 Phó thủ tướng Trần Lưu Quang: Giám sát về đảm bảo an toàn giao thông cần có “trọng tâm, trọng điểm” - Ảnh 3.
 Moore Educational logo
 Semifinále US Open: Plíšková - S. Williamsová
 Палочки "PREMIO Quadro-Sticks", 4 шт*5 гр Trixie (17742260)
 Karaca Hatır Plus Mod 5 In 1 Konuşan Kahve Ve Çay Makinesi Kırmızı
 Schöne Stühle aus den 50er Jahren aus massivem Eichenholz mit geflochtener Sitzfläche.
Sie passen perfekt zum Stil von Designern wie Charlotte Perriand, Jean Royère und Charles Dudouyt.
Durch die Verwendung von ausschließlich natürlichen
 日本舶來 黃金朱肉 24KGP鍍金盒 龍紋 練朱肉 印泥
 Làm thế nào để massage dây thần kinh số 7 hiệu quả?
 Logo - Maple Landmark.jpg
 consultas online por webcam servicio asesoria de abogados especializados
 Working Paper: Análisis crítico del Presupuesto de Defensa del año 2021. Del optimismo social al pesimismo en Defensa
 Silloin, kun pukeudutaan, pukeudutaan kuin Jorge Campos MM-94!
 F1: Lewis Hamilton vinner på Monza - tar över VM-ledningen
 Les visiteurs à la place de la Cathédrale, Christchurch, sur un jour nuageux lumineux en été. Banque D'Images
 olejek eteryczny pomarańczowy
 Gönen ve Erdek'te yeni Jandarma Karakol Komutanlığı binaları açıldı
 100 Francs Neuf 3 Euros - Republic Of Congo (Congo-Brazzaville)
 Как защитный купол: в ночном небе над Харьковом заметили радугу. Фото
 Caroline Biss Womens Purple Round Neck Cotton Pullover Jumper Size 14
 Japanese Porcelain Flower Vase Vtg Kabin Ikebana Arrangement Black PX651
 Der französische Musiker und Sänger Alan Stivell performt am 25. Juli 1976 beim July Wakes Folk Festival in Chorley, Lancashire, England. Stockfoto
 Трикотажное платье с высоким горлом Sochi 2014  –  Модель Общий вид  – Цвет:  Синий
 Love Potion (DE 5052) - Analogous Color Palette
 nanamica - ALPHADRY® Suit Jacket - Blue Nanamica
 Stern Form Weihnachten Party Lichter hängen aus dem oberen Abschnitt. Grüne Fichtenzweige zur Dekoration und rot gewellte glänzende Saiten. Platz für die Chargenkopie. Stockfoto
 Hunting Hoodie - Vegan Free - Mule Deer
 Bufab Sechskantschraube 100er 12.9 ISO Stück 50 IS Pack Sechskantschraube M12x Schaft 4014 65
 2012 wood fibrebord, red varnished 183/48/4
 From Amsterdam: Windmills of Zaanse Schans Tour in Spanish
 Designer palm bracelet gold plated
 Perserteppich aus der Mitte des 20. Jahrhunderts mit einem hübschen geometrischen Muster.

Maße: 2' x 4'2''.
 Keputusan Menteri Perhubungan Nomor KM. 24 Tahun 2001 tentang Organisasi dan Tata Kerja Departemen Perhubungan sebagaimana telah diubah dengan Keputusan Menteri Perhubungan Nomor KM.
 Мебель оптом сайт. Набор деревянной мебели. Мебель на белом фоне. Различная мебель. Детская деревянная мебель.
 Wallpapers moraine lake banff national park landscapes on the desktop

## [What to produce]
Look above for the line containing "Working Paper: Análisis" and the line containing "Maße: 2' x 4'2''.". Transcribe both, with the lines between them, exactly.

## [Exercise answer]
 Working Paper: Análisis crítico del Presupuesto de Defensa del año 2021. Del optimismo social al pesimismo en Defensa
 Silloin, kun pukeudutaan, pukeudutaan kuin Jorge Campos MM-94!
 F1: Lewis Hamilton vinner på Monza - tar över VM-ledningen
 Les visiteurs à la place de la Cathédrale, Christchurch, sur un jour nuageux lumineux en été. Banque D'Images
 olejek eteryczny pomarańczowy
 Gönen ve Erdek'te yeni Jandarma Karakol Komutanlığı binaları açıldı
 100 Francs Neuf 3 Euros - Republic Of Congo (Congo-Brazzaville)
 Как защитный купол: в ночном небе над Харьковом заметили радугу. Фото
 Caroline Biss Womens Purple Round Neck Cotton Pullover Jumper Size 14
 Japanese Porcelain Flower Vase Vtg Kabin Ikebana Arrangement Black PX651
 Der französische Musiker und Sänger Alan Stivell performt am 25. Juli 1976 beim July Wakes Folk Festival in Chorley, Lancashire, England. Stockfoto
 Трикотажное платье с высоким горлом Sochi 2014  –  Модель Общий вид  – Цвет:  Синий
 Love Potion (DE 5052) - Analogous Color Palette
 nanamica - ALPHADRY® Suit Jacket - Blue Nanamica
 Stern Form Weihnachten Party Lichter hängen aus dem oberen Abschnitt. Grüne Fichtenzweige zur Dekoration und rot gewellte glänzende Saiten. Platz für die Chargenkopie. Stockfoto
 Hunting Hoodie - Vegan Free - Mule Deer
 Bufab Sechskantschraube 100er 12.9 ISO Stück 50 IS Pack Sechskantschraube M12x Schaft 4014 65
 2012 wood fibrebord, red varnished 183/48/4
 From Amsterdam: Windmills of Zaanse Schans Tour in Spanish
 Designer palm bracelet gold plated
 Perserteppich aus der Mitte des 20. Jahrhunderts mit einem hübschen geometrischen Muster.

Maße: 2' x 4'2''.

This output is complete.